This is currently optional to avoid breaking any existing code - if
absent, the BlockArgument defaults to using the location of its enclosing
operation (preserving existing behavior).

The bulk of this change is plumbing location tracking through the parser
and printer to make sure it can round trip (in -mlir-print-debuginfo
mode). This is complete for generic operations, but requires manual
adoption for custom ops.

I added support for function-like ops to round trip their argument
locations - they print correctly, but when parsing the locations are
dropped on the floor. I intend to fix this, but it will require more
invasive plumbing through "function_like_impl" stuff so I think it
best to split it out to its own patch.

Diff Detail

Event Timeline

lattner created this revision.May 15 2021, 10:18 PM
lattner requested review of this revision.May 15 2021, 10:18 PM
lattner updated this revision to Diff 345670.May 15 2021, 10:19 PM

[IR] Expose Block arguments through Builders.h

rriddle added inline comments.May 17 2021, 6:25 PM
mlir/lib/IR/Block.cpp
171–173

nit: Use llvm::zip here.

181

This comment seems a little weird. The only situation where there isn't a parent operation is if this block is unlinked.

182

nit: Spell out auto here.

mlir/lib/Parser/Parser.cpp
255

nit: Drop the llvm:: here.

rriddle added a comment.EditedMay 17 2021, 6:29 PM

Do you have an estimation on memory usage growth here? Seems like a lot of existing situations would end up with unknown locations on every argument, which is a 8-byte memory size hit (per argument, in which there have been some cases in TensorFlow with hundreds of thousands of arguments) for an unused feature. For example, how often would this be used for non-entry blocks? Should we instead have a more sparse representation? e.g. a map in the parent block or something.

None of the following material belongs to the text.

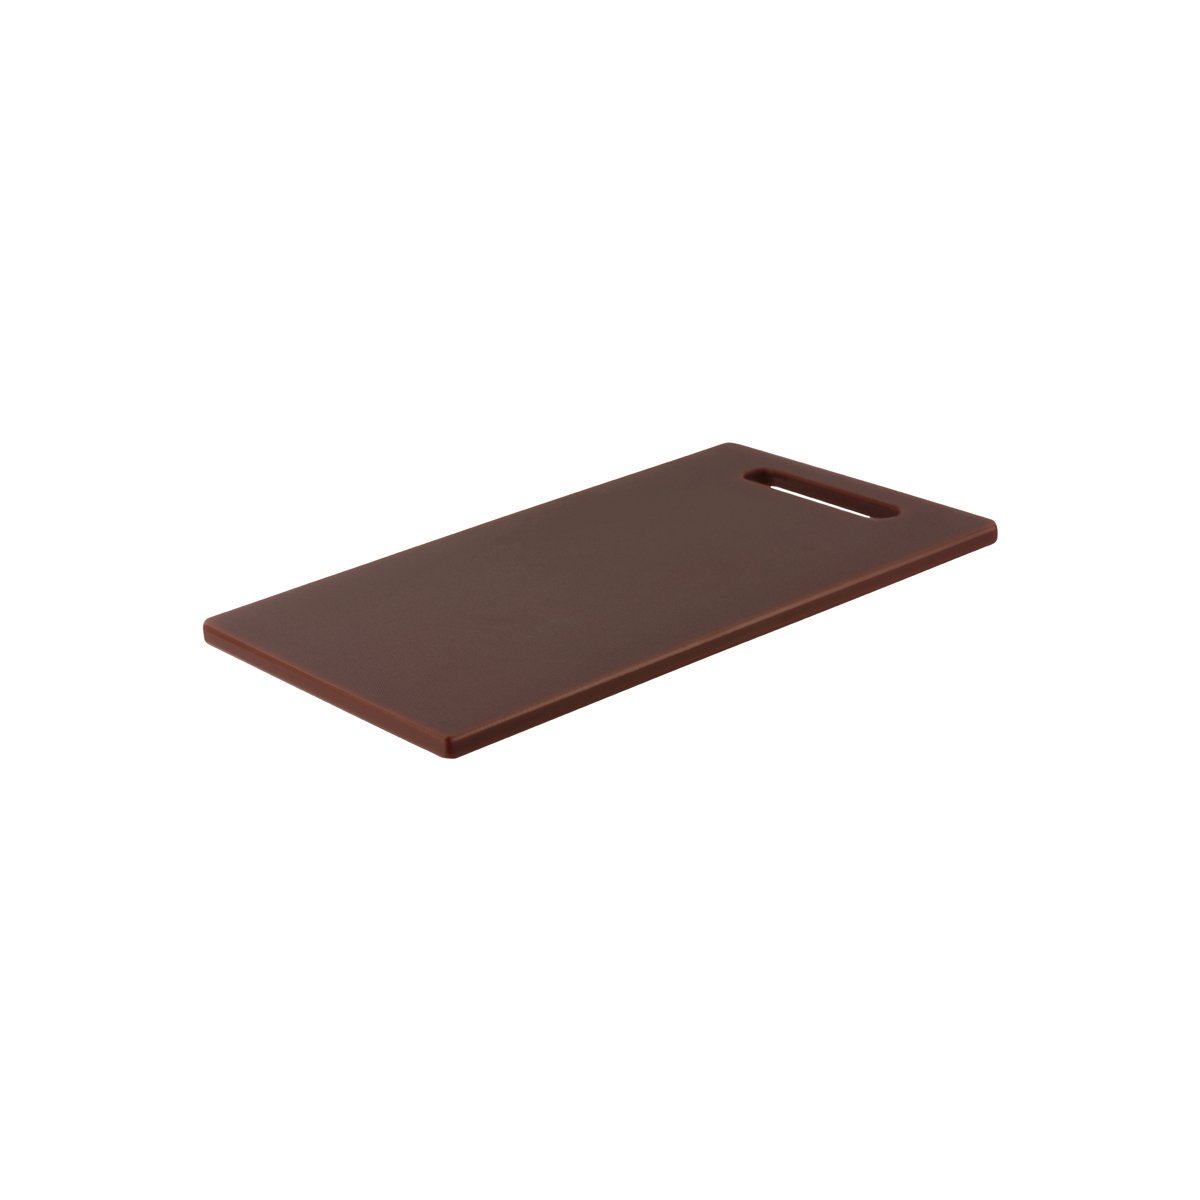 04346 Chef Inox Cutting Board Polyethylene Brown with Handle 300x450x12mm Tomkin Australia Hospitality Supplies

Do you plan to resolve the TODOs in this patch or a followup?

(Code in this patch looks fine)

mlir/lib/IR/FunctionImplementation.cpp
63–67

Can we just resolve this now? Or do you plan on doing this in a followup?

Do you have an estimation on memory usage growth here? Seems like a lot of existing situations would end up with unknown locations on every argument, which is a 8-byte memory size hit (per argument, in which there have been some cases in TensorFlow with hundreds of thousands of arguments) for an unused feature. For example, how often would this be used for non-entry blocks? Should we instead have a more sparse representation? e.g. a map in the parent block or something.

I have the same feeling here: an array of locations (lazily initialized) on the block itself would be less costly when unused.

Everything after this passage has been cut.